Quando vou a algo como uma residência, meu receio pessoal é o de me perder um pouco nos outros. Costumo levar algum tempo até conseguir focar e me dedicar a algum trabalho que queira realizar. Esse tipo de autopercepção parece uma besteira quando lembro do fluxo dos dias na fazenda São João: ambiente acolhedor, fértil em ideias, práticas e encontros, que se tornou para mim um tipo de casa.
Vou recorrer às fotos salvas no meu celular para lembrar, ainda que de forma bastante lacunar, desses dias em que criamos juntos um rio azul. Peço desculpas de antemão pela ausência de atividades, trabalhos e momentos igualmente importantes e deliciosos.
1. Há uma vara de madeira suspensa sobre a cabeça das pessoas. Uma vela derretida em cima. É dia de “Portas Abertas”, evento em que a residência se prepara e se abre para a visita dos moradores da região. Maya, filha de Samantha, está contemplando a vela, boquiaberta, junto de Wo. Angélica, com as mãos para o alto, está arrumando o cabelo. Ao fundo, a capela onde Fujioka exibe sua instalação. O ambiente da capelinha colonial se transformou numa espécie de caverna quente e úmida onde um ritual acontecia. Elementos do candomblé e da escrita japonesa pareciam se fundir num território estético comum. O sal, um dos elementos mais presentes no cenário, escrevia frases que se repetiam e se desmanchavam no chão. Na caixa de som, a voz de um ancião entoava um canto para Iemanjá (ali chamada por outro nome, talvez mais primitivo, que não me recordo).
2. Série de desenhos que fiz com Ana Caro estava colada na parede da Casa Figueira, também exibidos na mostra de Portas Abertas. Essa série começou com um poema de Sérgio Watanabe, “Animal de Inverno”, lido por Ana Pau e Rafael. Quando decidimos desenhar a partir desse texto, estávamos ambos com lápis azuis na mão, de tons diferentes. Desenhamos com essa limitação cromática e cegamente uma série de desenhos a partir de poemas.
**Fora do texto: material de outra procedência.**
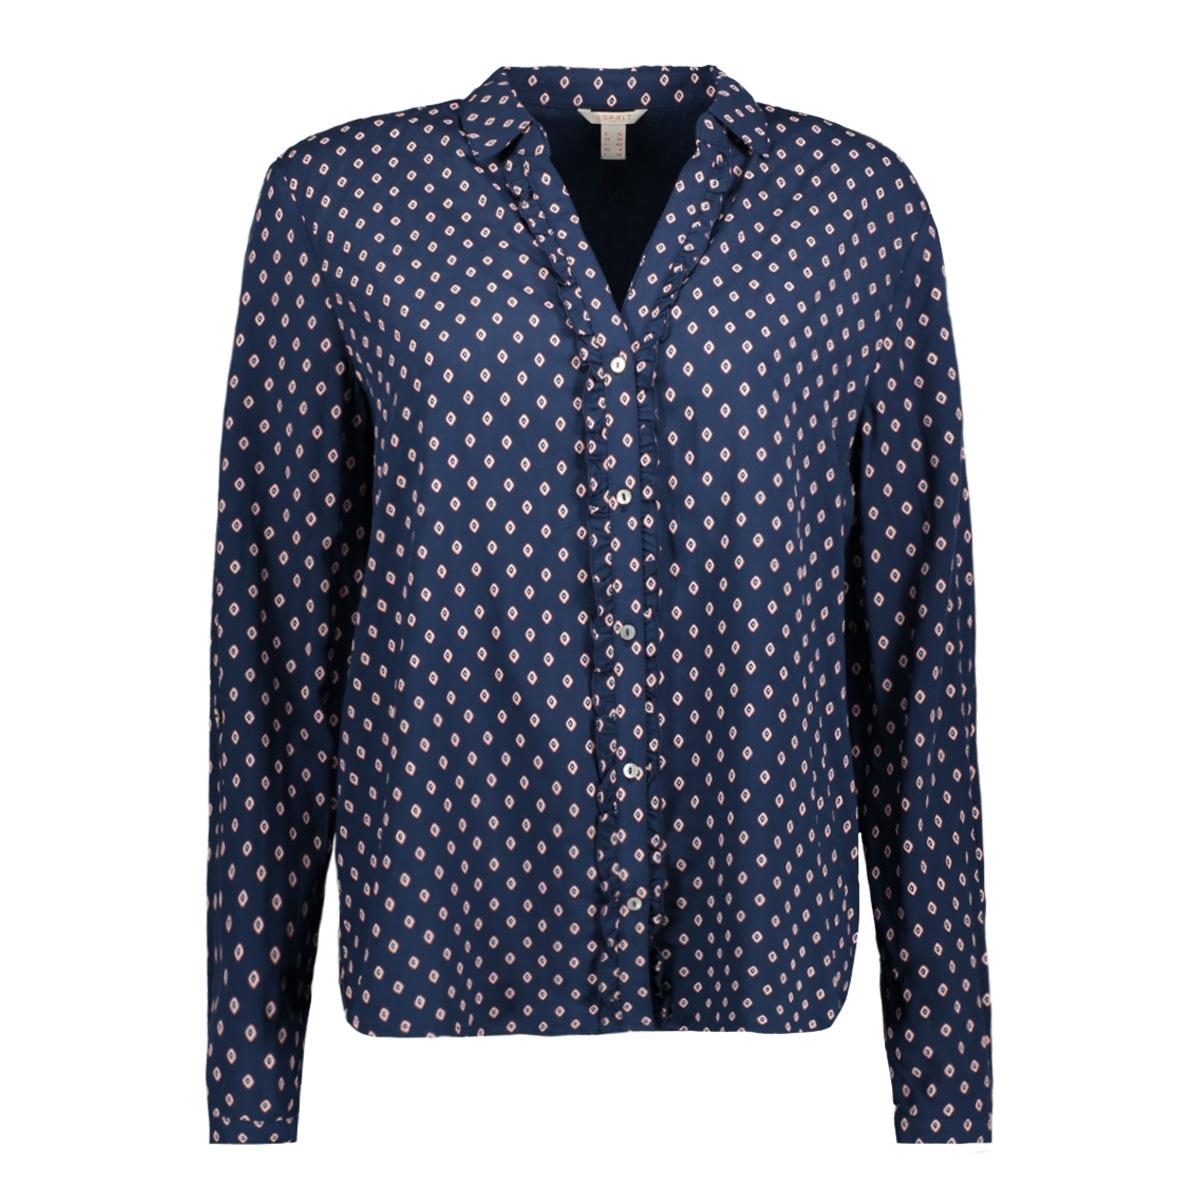 127ee1f003 esprit blouse e400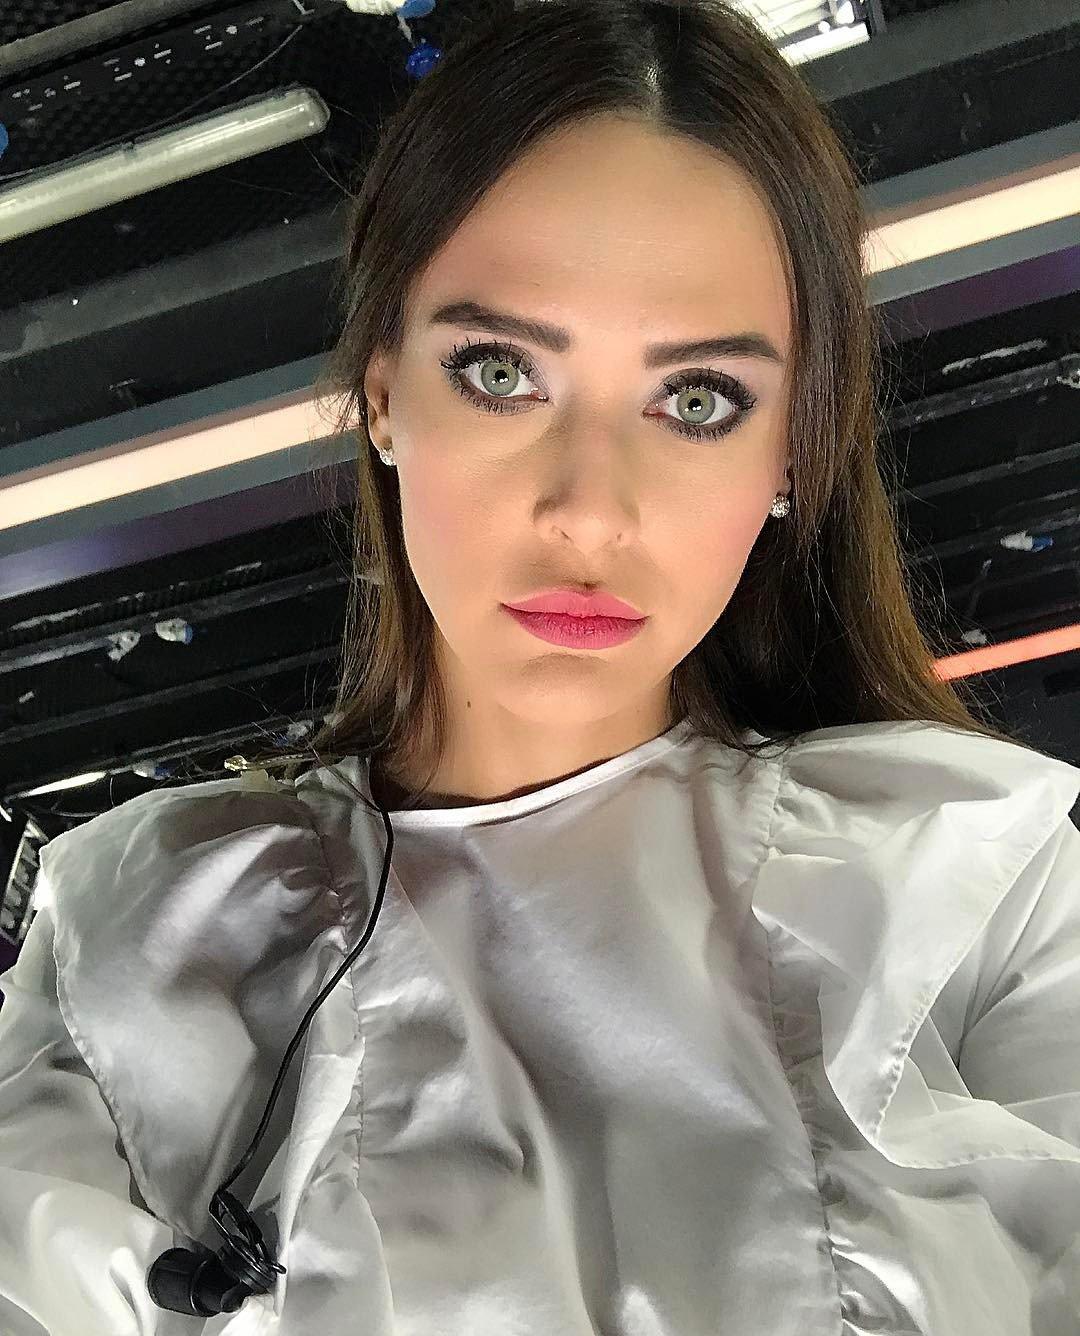 Fatoş Kabasakal (20)

Com esta limitação cromática, fizemos desenhos cegos inspirados pelos poemas.
3. Uma mandala humana, organizada por Mona e Roberta, com os corpos deitados no chão em Shavasana, formando um circulo.
4. Wo subindo a montanha com sua máquina fotográfica.
5. Ana Caro subindo a montanha.
6. Roberta, Mona e Nancy subindo a montanha.
7. Oto contemplando a vista.
8. Mariana, Martín, Ana Pau, Mona, Maíra, Rafa e mais alguém, tapado pelo corpo de Mari, subindo a montanha. Era fim de tarde e subíamos a montanha para ver o nascer da lua cheia.
9. Fujioka subindo a montanha com um galho na mão.
10. Chegamos no ponto alto da montanha, estamos deitados. Bruno está improvisando uma música com pequenos sintetizadores. Estamos esperando a lua. Gabriel e Lidia apontam para o céu, Ana Pau está sorrindo. Mari e Rafa de olhos fechados.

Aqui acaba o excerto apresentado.